Neural networks from scratch in C/CUDA with Python bindings.
High-performance neural network library with a C/CUDA backend, designed to be used primarily through Python.
- C/CUDA backend for high-performance tensor operations
- Clean Python API via pybind11
- GPU acceleration with CUDA
- Modern build system (CMake + scikit-build-core)
- C compiler (Clang/GCC)
- CUDA Toolkit 11+
- Python 3.12+
- CMake 3.18+
- uv package manager
git clone <repository-url>
cd nn_c
uv sync
uv pip install -e .
python -c "from nn_c import Tensor; print(Tensor([2, 3]))"from nn_c import Tensor
# Create tensors
t = Tensor([2, 3])
# From Python list
data = [1.0, 2.0, 3.0, 4.0, 5.0, 6.0]
t = Tensor.from_list(data, [2, 3])
# Access and inspect
print(t[0, 0]) # 1.0
print(t.shape) # (2, 3)
print(t.size) # 6
# Serialize
bytes_data = t.to_bytes()
t2 = Tensor.from_bytes([2, 3], bytes_data)# Setup (one-time)
uv sync
uv pip install -e .
# After C/CUDA changes
cmake --build build
# Run tests
python python/run_tests.pyThe CPU convolution path uses an im2col transform to reduce the 6-nested-loop naive convolution
to a single GEMM call. The key function is conv2d_layer_im2col in
conv2d_layer.c.
What it does mathematically: For an input of shape (C_in, H, W) with a kernel of size
K×K, im2col extracts every C_in × K × K patch that the kernel slides over and lays them
out as columns in a matrix X_col of shape (C_in*K*K) × (H_out*W_out). The weight tensor
is reshaped to W_row of shape (C_out) × (C_in*K*K). The full convolution output is then:
Y_flat = W_row × X_col // (C_out) × (H_out*W_out)
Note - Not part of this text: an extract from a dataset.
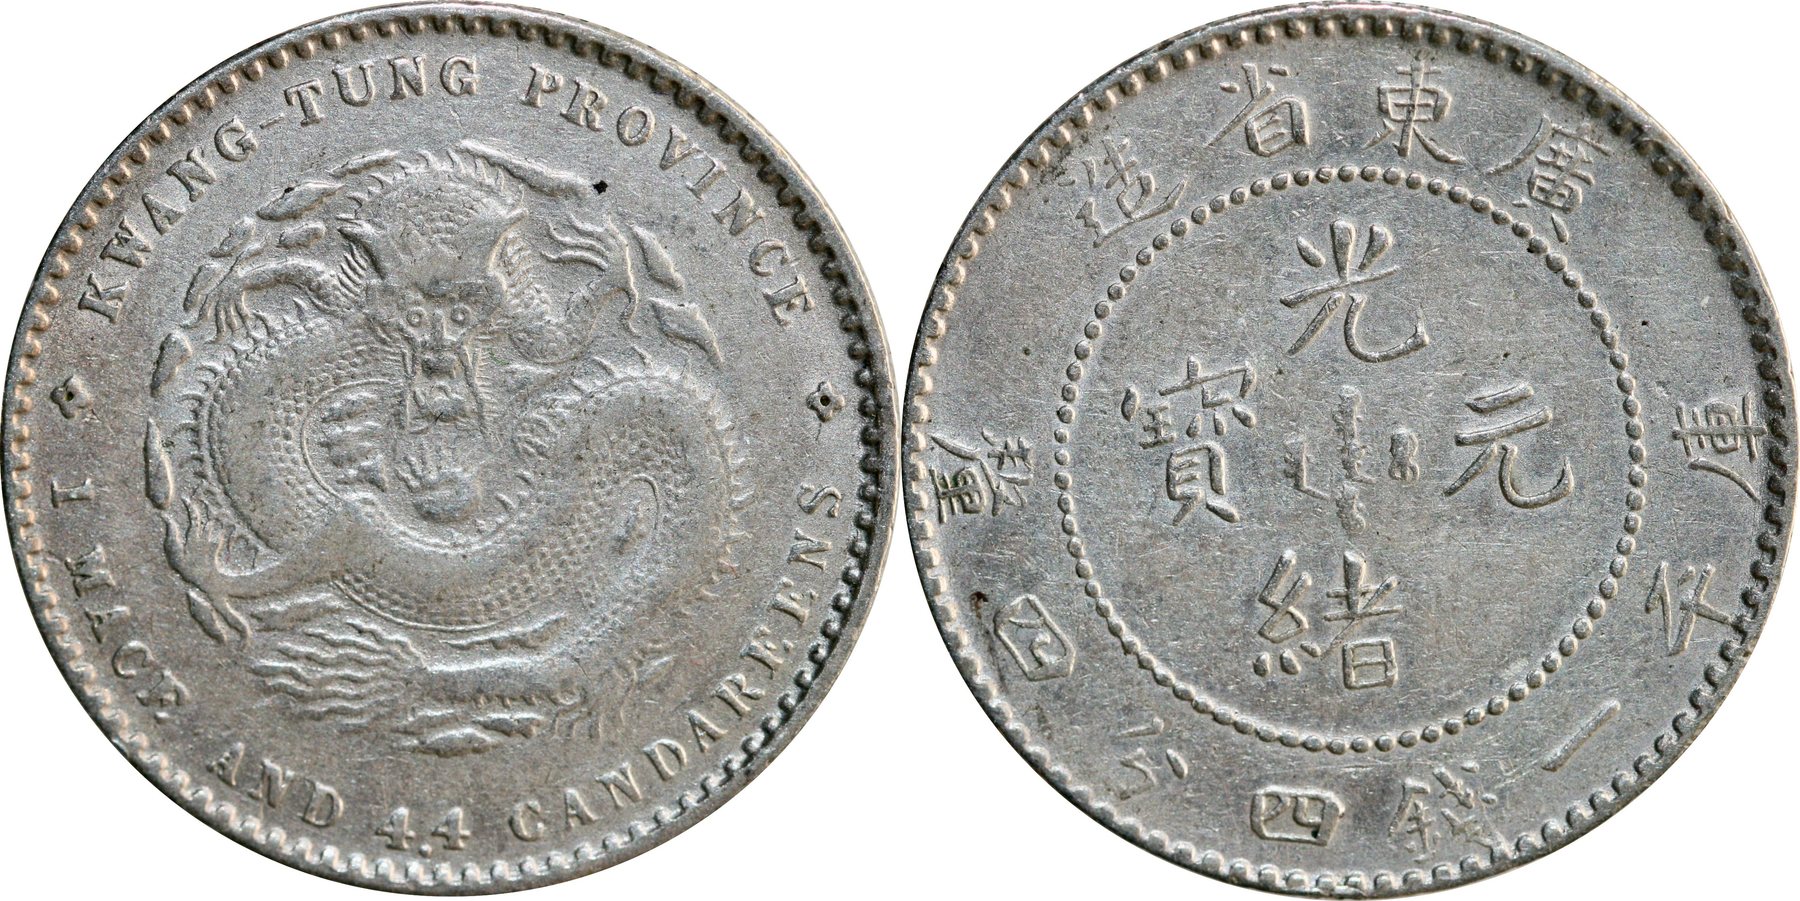 1900 евро. Китайская монета Kirin Province. Китай 1 Таэль 1885. Китай монета 1 доллар провинция Ching Kiang 7 Mace and 2 Candareens. Провинция Cheh Kiang Китай монеты.

which is a single GEMM — no spatial traversal logic, no strided index arithmetic in the inner loop.
Why this matters for cache locality: The naive nested loop implementation accesses both
the input and kernel tensors with irregular strides — for each output position (i, j), the
kernel slides over a non-contiguous K×K region of the input. im2col pays a one-time cost
to materialize X_col (a contiguous layout of all input patches), after which GEMM's inner
loop reads memory sequentially. On large kernels and input sizes, the sequential access
pattern drives cache utilization significantly higher. Measured speedup over the naive
implementation: 5-10x.
Backward pass: The inverse operation, col2im, scatters gradient values from
dX_col = W^T × dY_flat back to the padded input gradient using accumulated additions into
the overlapping patch regions.
Both the matrix-vector product and general matrix multiply paths in tensor.c are manually vectorized using AVX-512 intrinsics.
- Width: 16 single-precision floats per
__m512register. - FMA:
_mm512_fmadd_psfuses multiply and accumulate into a single instruction, halving the number of floating-point operations relative to separatemul+add. - GEMM tiling: The GEMM kernel tiles across the output columns to keep
__m512accumulators register-resident across multiple inner iterations. The_mm512_set1_psbroadcast loads a scalara[row][inner]into all 16 lanes, then a singlefmaddwith the 16-wideb[inner][col..]strip accumulates 16 output elements in one instruction. - Tail handling: Columns that don't fill a full 16-wide vector fall through to a scalar loop, so correctness holds for arbitrary matrix dimensions.
The softmax cross-entropy kernel in gpu_loss.cu uses warp shuffle instructions to reduce across 32 threads without touching shared memory.
The pattern (warp_reduce_sum, warp_reduce_max):
for (int offset = 16; offset > 0; offset >>= 1)
val += __shfl_down_sync(0xFFFFFFFF, val, offset);This is a butterfly tree reduction: each thread receives a value from the thread offset
lanes ahead using a register-to-register shuffle. After 5 iterations (offsets 16, 8, 4, 2,
1), lane 0 holds the reduction result across all 32 lanes. No shared memory is used within
a warp — all communication is register-level.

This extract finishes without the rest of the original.